Chapter 170
“We’d better get on with it now,” Elizabeth said, pulling a revolver from a belt strapped at her waist. “The beast has been in there for at least half an hour. It’s bound to be done with poor Mr. Richter. It will be moving on soon enough.”
“Very well then,” Thomas said, lifting his eyes from Christian’s face and turning to his father. “Shall we?”
“Let us.” Peter’s enthusiasm radiated out of him as a bounce in his step carried him out of the shadows and toward the house. He did not wait for the others, including Christian. His mother, who was meant to protect her Hunter, in this case, Peter, did not move as quickly. Instead, she lingered with her son, one hand on his back.
She didn’t think it was safe for him to be there. It was evident in the slow pace she was taking. Normally, she would dart about so quickly Christian had trouble tracking her with his human eyes. Now, she was moving so slowly, he could’ve been a step or two ahead of her if he’d cared to be. In all honesty, his feet didn’t want to move any quicker than they were. He dragged behind, hoping his father would reach the home and annihilate the Vampire before he even had to see it. The glimpses he’d gotten of the last scene were impossible to remove from his brain, and he didn’t want to invite anymore such images inside if he could prevent it.
His father reached the cabin first, just as Thomas and Jess were going around the other side. A screech filled the night. Christian felt his sandy blond hair blow back from his forehead as the wind moved from the angry shout. It did not deter Peter Henry. He hurled himself into the small house through the open window, knocking the candle Christian had noted earlier off of the desk in the process.
Christian saw the monster then, standing in the middle of the room, fresh blood dripping down its chin. Tall, thin, with dark hair and sunken, steel gray eyes, its mouth was open as it roared again. Out here, the closest house was almost a mile away. He’d wake no one--not even the dead. The only reason he’d been discovered was because the Guardians never slept and often spent their nights out and about searching for these creatures. Thomas had spotted him making his way through the woods. Rather than following alone and taking him out before Caleb Richter fell victim, he’d ran to the old church and sounded the bell, which called the rest of the Goodies into action. Humans who lived in the vicinity believed the bell meant a bear had been spotted, so they’d stay inside and bar the door as the appointed neighbors went out to track what they thought was a natural beast. It was all an elaborate hoax put into place by Culpepper, and it worked. Except not for people like Caleb Richter who found out tonight that bears were not the creatures he should’ve been fearing.
This Vampire, staring at his father with cold, dead eyes, was not familiar to Christian. His mother had known some of the monsters she’d killed, known them in their former state. If her parents knew this man, they did not call him by name. As her father stood and raised his weapon, Elizabeth swirled her son around to look at her.
Christian’s eyes met his mother’s, his bottom lip quivering. “Stay here. Unless it runs this way. Then, hide!”

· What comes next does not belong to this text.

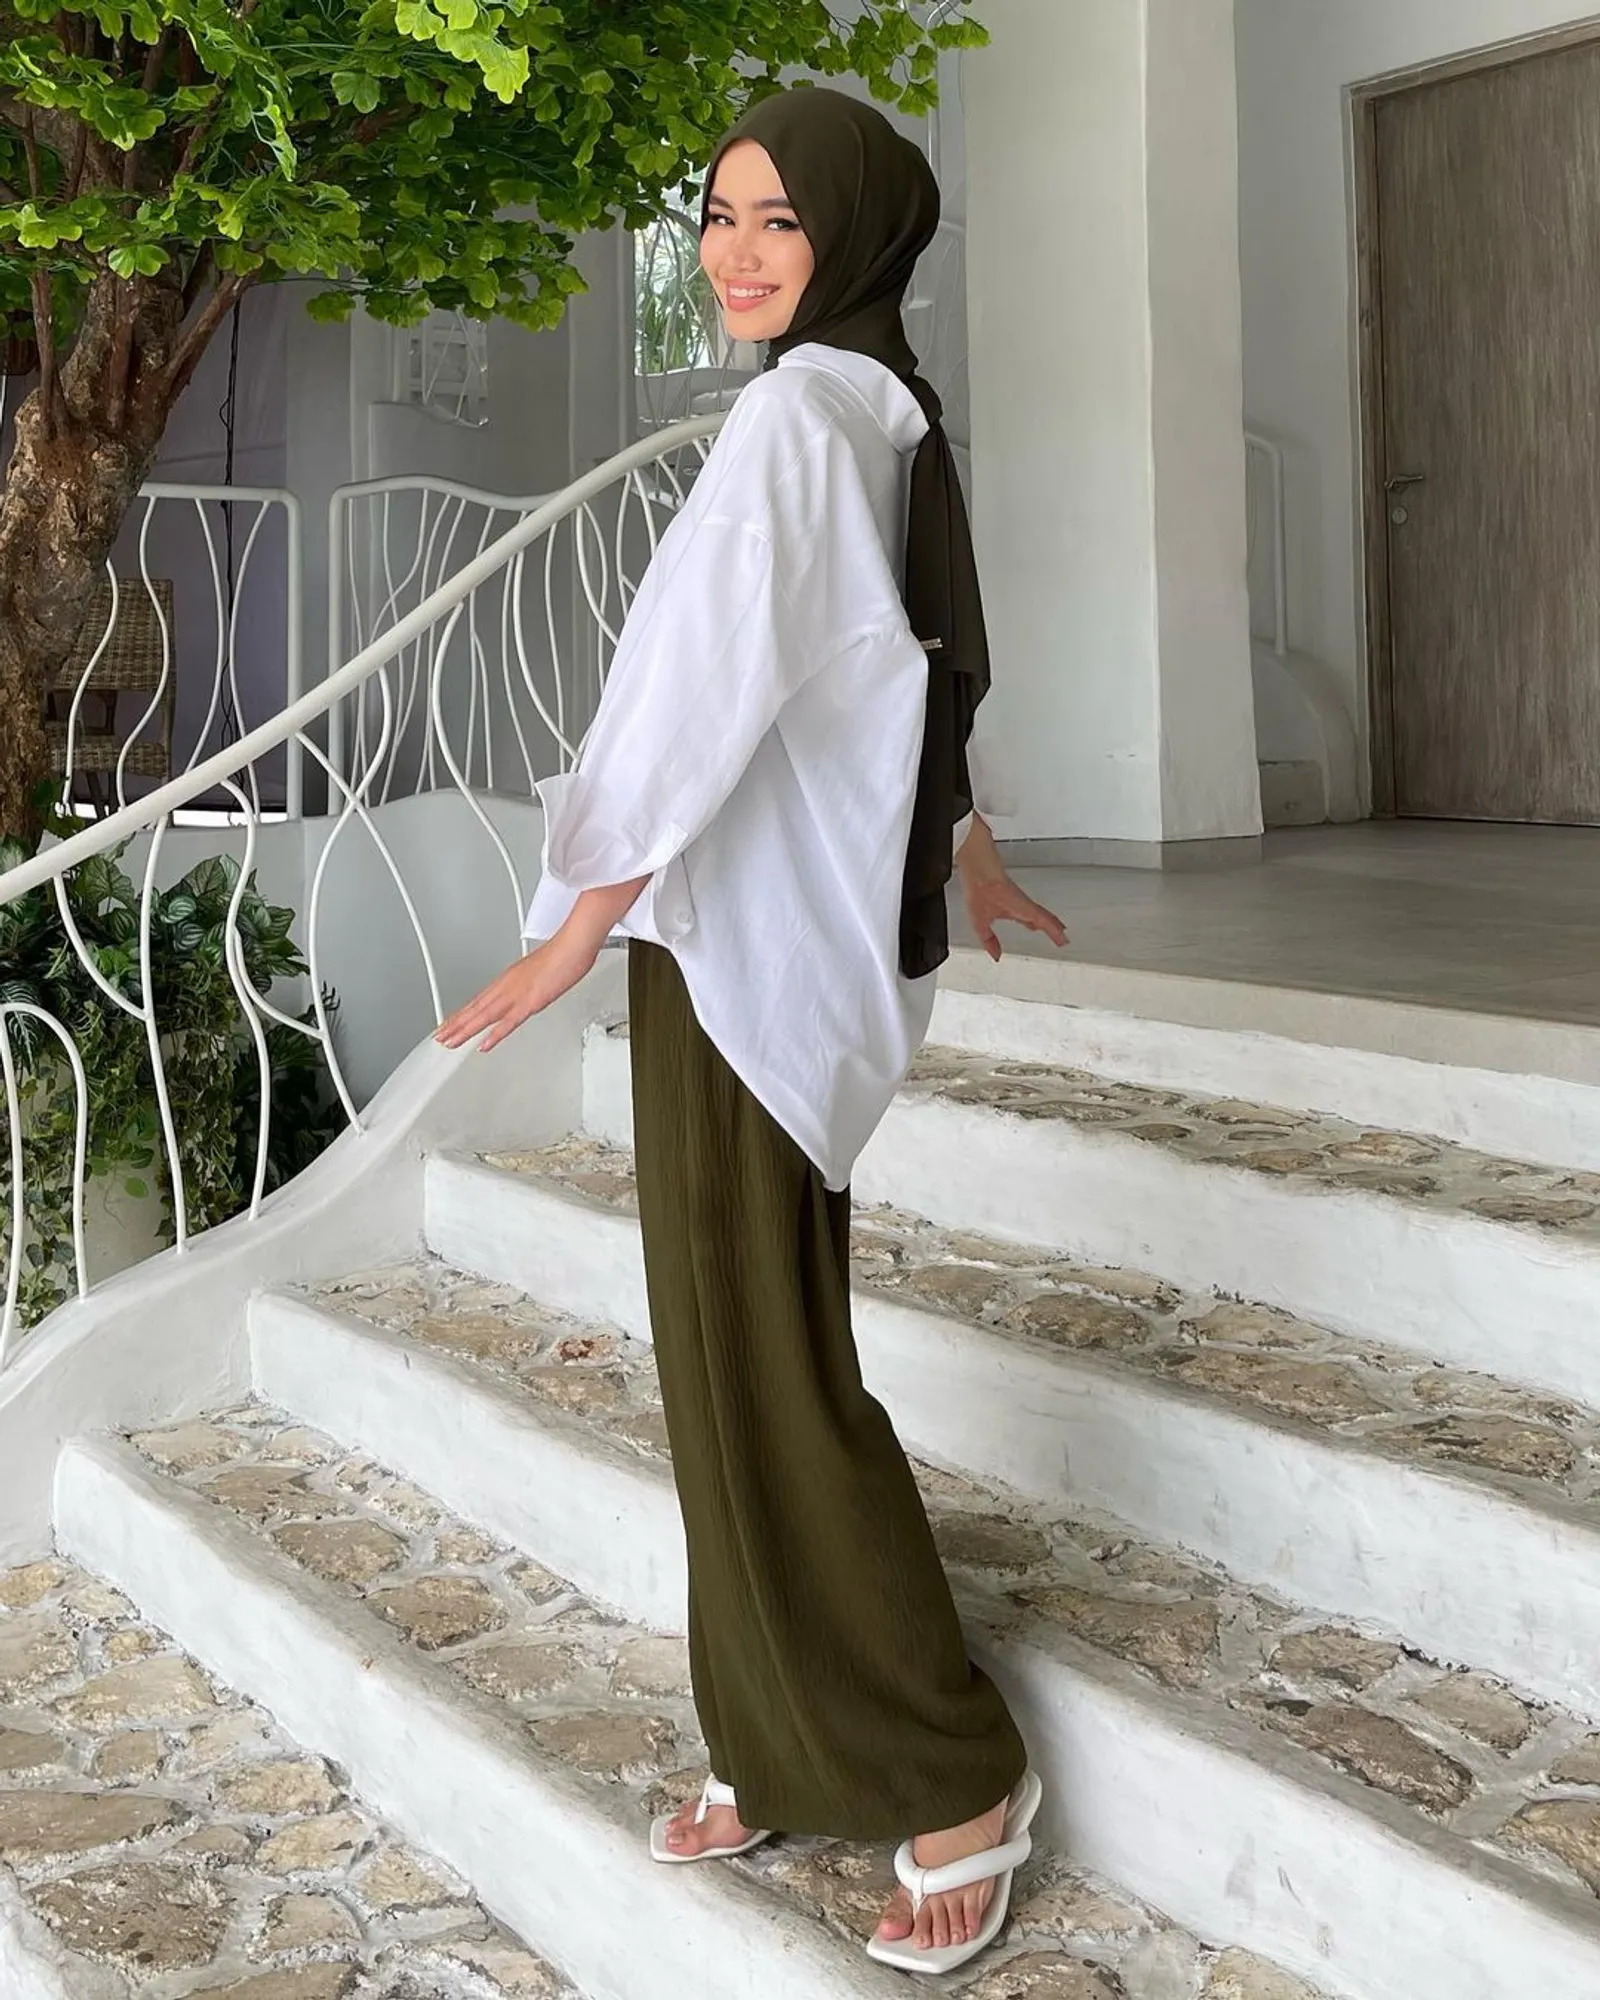 Referensi Gaya Baru Pakai Celana Kulot untuk Hijabers
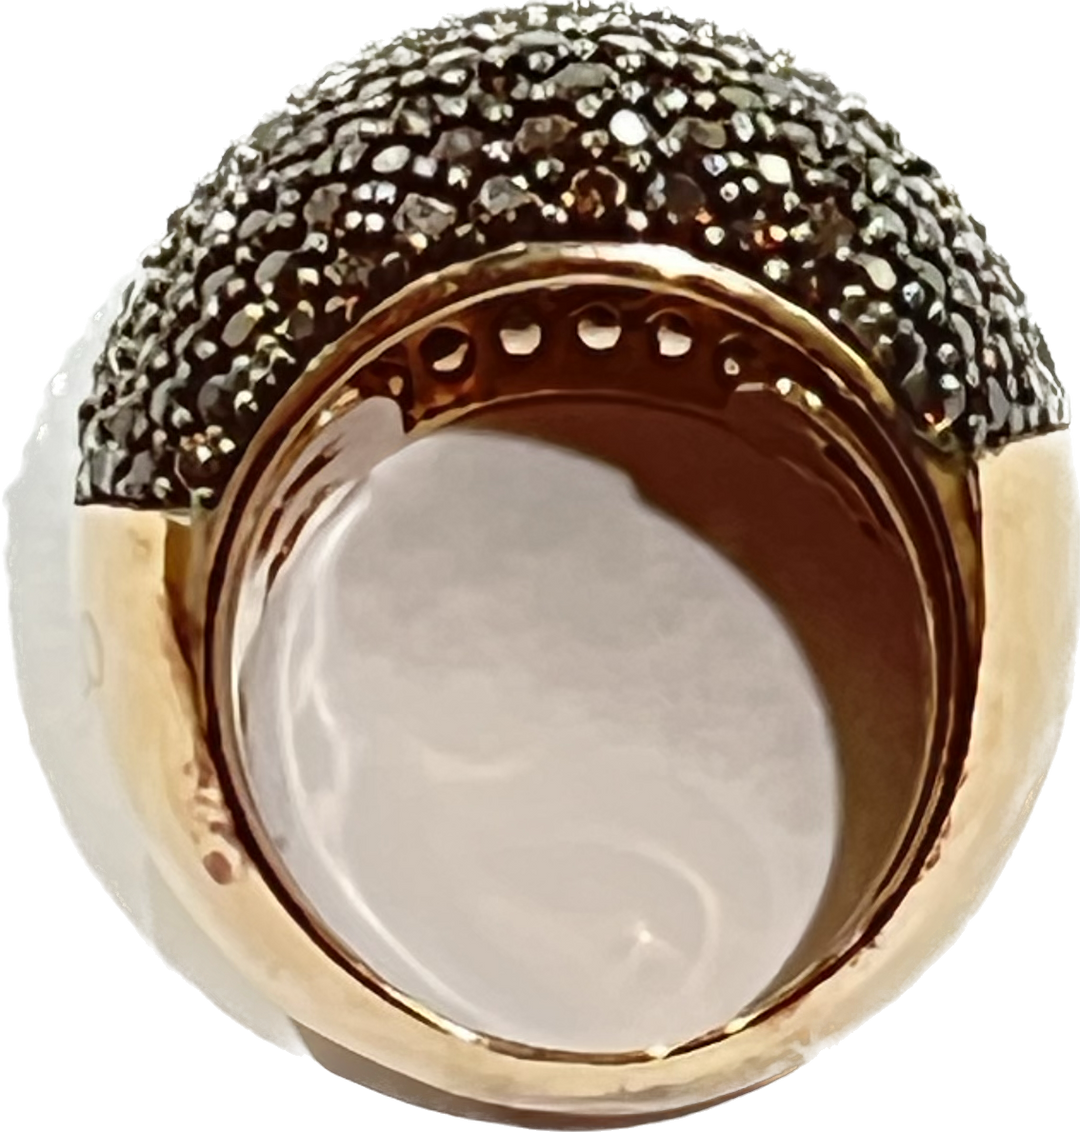 Sidalo Pavè Brown Ring Silver 925 FINE PVD GOLD ROSA CUBIC ZIRKIA M4425-BW

He nodded, not able to find the words, and then his mother followed her father through the window as Thomas and Jess came in from the other direction. The beast was trapped. And the house was on fire.
Christian smelled the smoke before he saw it. He’d always had a sensitive nose, especially when it came to the scent of something burning. When the first plume of smoke began to climb up into his view from outside of the window, he wanted to shout to his parents, but his father’s first shot had not taken out the tall beast, and now, the Goodies were locked in hand-to-hand combat with a monster that didn’t seem to want to go down despite all four of them pummeling it.
It didn’t seem to be afraid. In fact, as Christian stared at the monster’s face, it almost appeared to be laughing, as if there were something comical about the group punching, pulling, even stabbing at it. It was fighting back. It picked Jess up and tossed him across the room, into a desk. The wood shattered, spraying splinters into the air. Jess stayed down for a minute as Thomas hacked at the monster’s shoulder. If it weren’t his parents fighting an undead monster covered in a man’s blood, the corpse still warm at its feet, Christian might’ve also found the situation slightly humorous. He wasn’t laughing though, especially when he noted the monster was aware he was there, noticed him watching, and grinned at him, his long, sharp teeth picking up the light from the growing flames and radiating terror into the night.
And then he realized it wasn’t necessarily him the monster was grinning at. It was something else--something… behind him.
It wasn’t a sound that caused his head to turn. Not a snapping twig or a heavy footstep. Rather, it was a feeling, an idea, a sensation. The undeniable, unmistakable idea that someone or something was closing in on him from the darkness at his back.